Using a variety of different observations, scientists had reached the conclusion that the normal (“baryonic”) matter formed in the early universe must make up 4% of the total matter in the universe, and the other 96% is composed of “dark matter” (some 20%) and “dark energy” (some 76%). These latter two entities are among the biggest mysteries of current cosmology, because the scientists do not know what they are.

Until now, although the baryonic matter had been detected out to great distances from us, around one half of it had not been identified (this is 2% of the total, if we include the dark matter and dark energy). It should be identifiable in our local surroundings, in our galaxy and other nearby galaxies, individuals as well as in groups and clusters. The theoretical models indicated that it should be found in the form of gas in the intergalactic medium, with ranges of temperature and pressure which make it very hard to detect by conventional techniques (including observations in the visible, or by X-rays).

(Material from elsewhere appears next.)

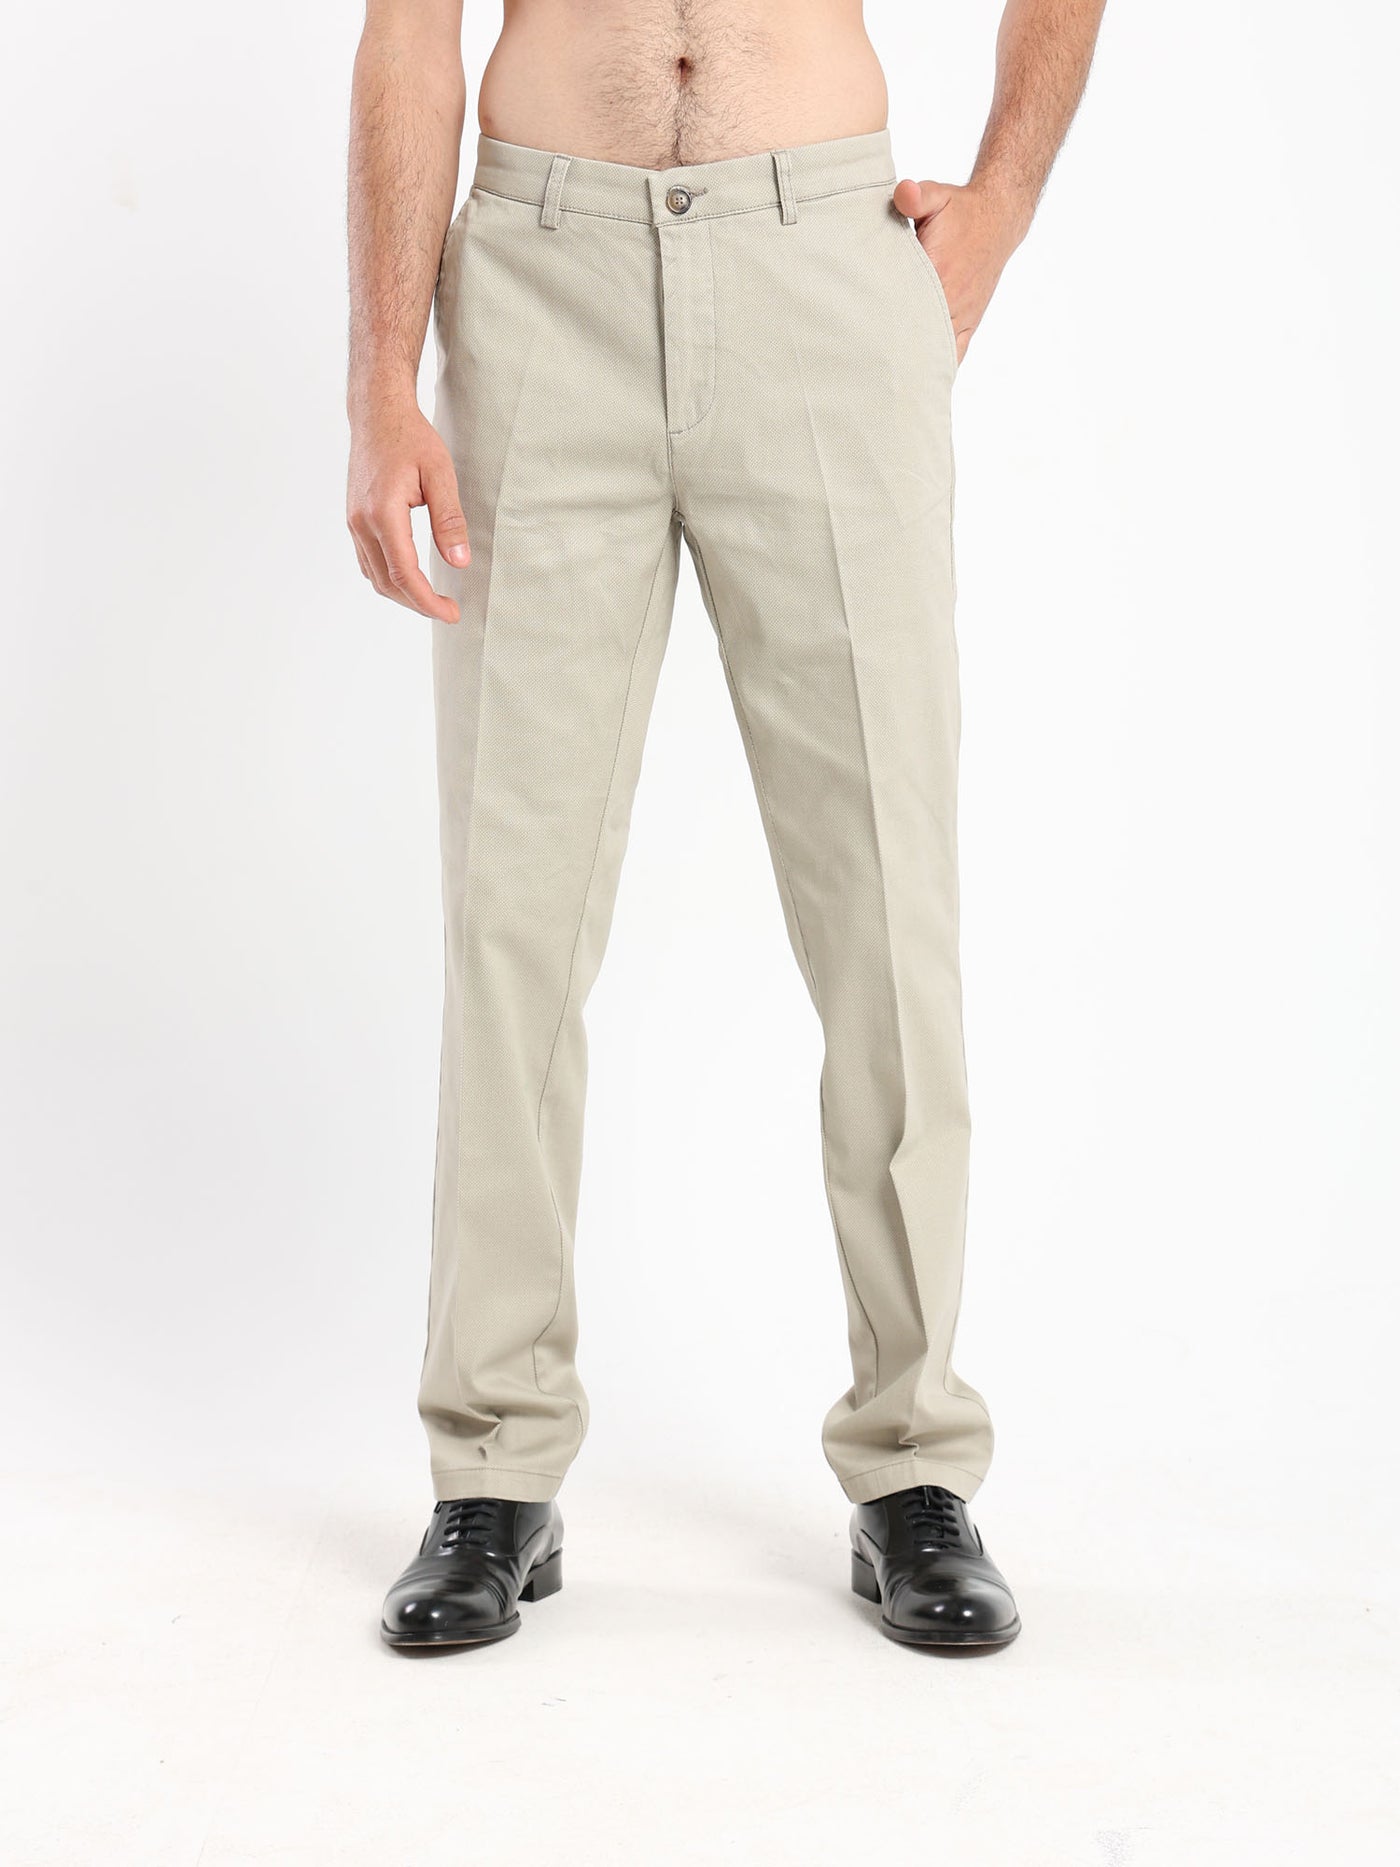 Chino Pants - Modern Fit
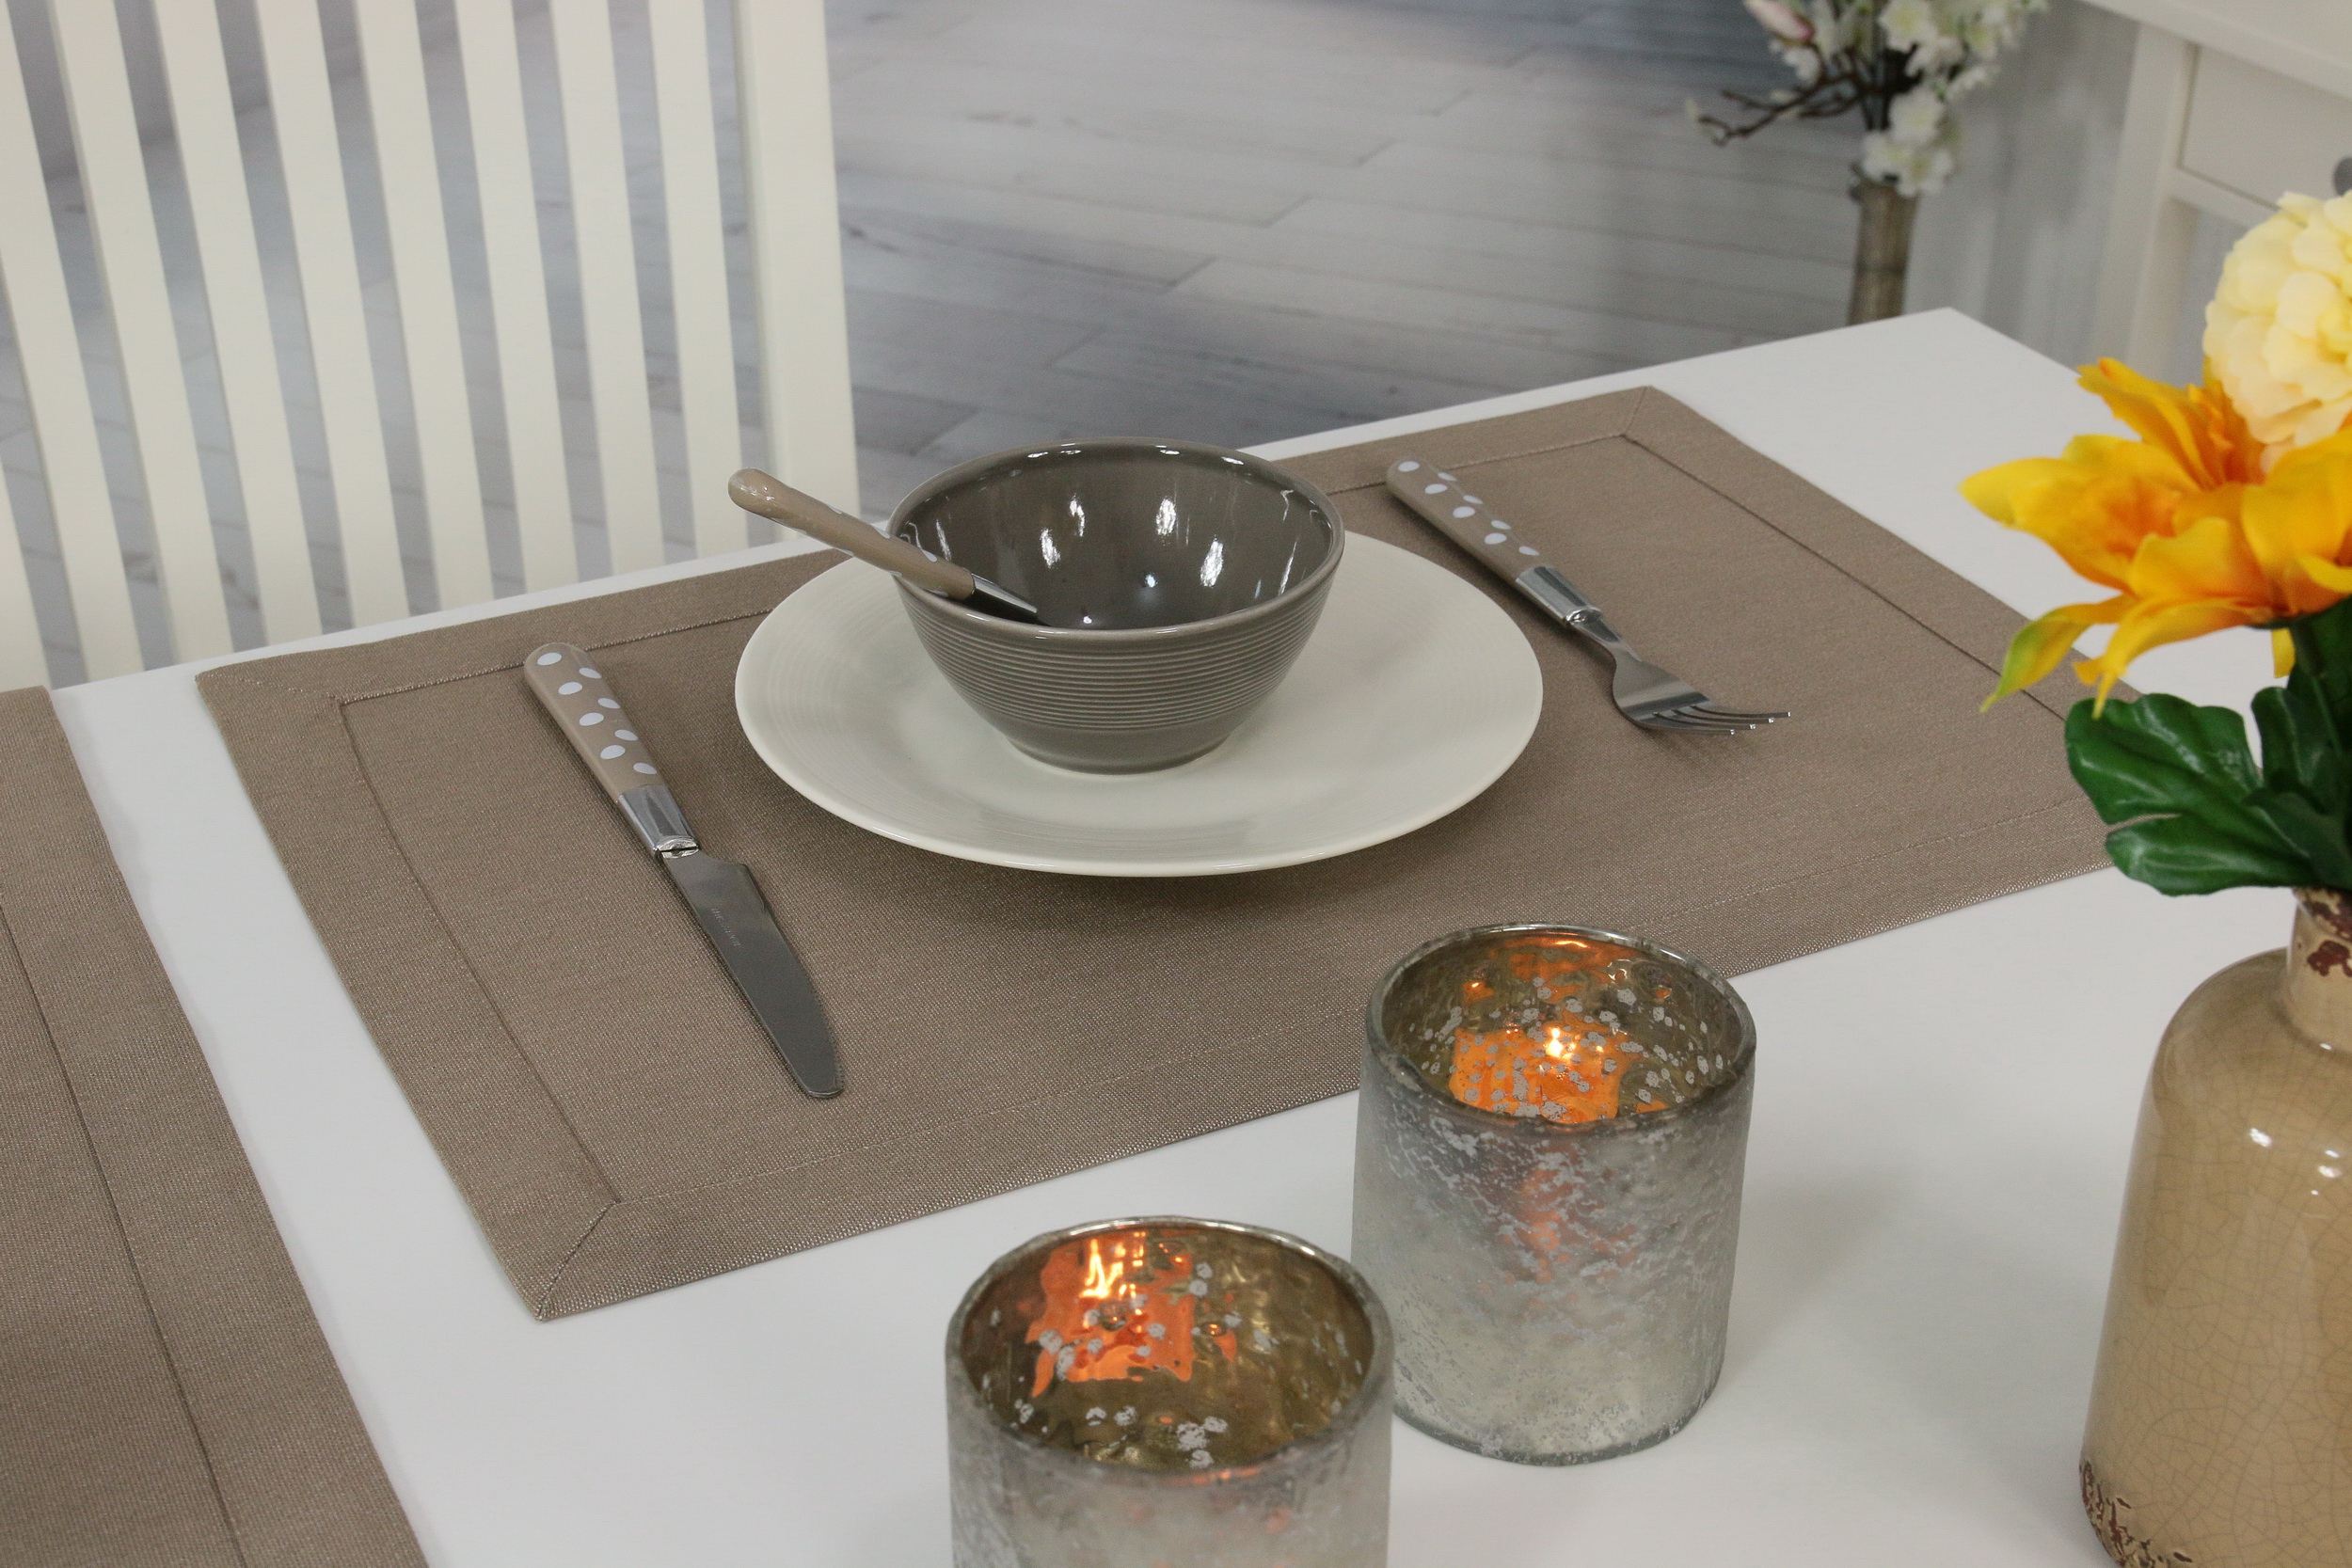 Tischsets & Platzsets BRAUN | TiDeko® Tischdecken-Shop.de. Tischdecken  Markenqualität

However, in this study evidence for the existence of this elusive baryonic matter have been found using data from the Planck satellite in the directions of very luminous red galaxies previously detected and catalogued in the Sloan Digital Sky Survey, in the visible. These results are based on the interpretation of measurements presented in a previous article from the Planck collaboration about the Sunyaev-Zel’dovich effect, which is the result of the interaction between a gas of hot electrons and the Cosmic Microwave Background radiation, (the relic of the Big Bang, which fills the universe). The estimate of the amount of matter detected in this research is compatible with it being about half the baryonic component so far detected in the local universe.

This work, led by Carlos Hernández Monteagudo, of the Centre for Studies of the Physics of the Cosmos, in Aragon (CEFCA) and carried out in collaboration with the IAC and the Institute of Physics of Cantabria (IFCA) as well as with researchers from the United Kingdom, Germany, and France, was recently published in the journal Physical Review Letters.

Reference: Evidence of the Missing Baryons from the Kinematic Sunyaev-Zeldovich Effect in Planck Data. Physical Review Letters.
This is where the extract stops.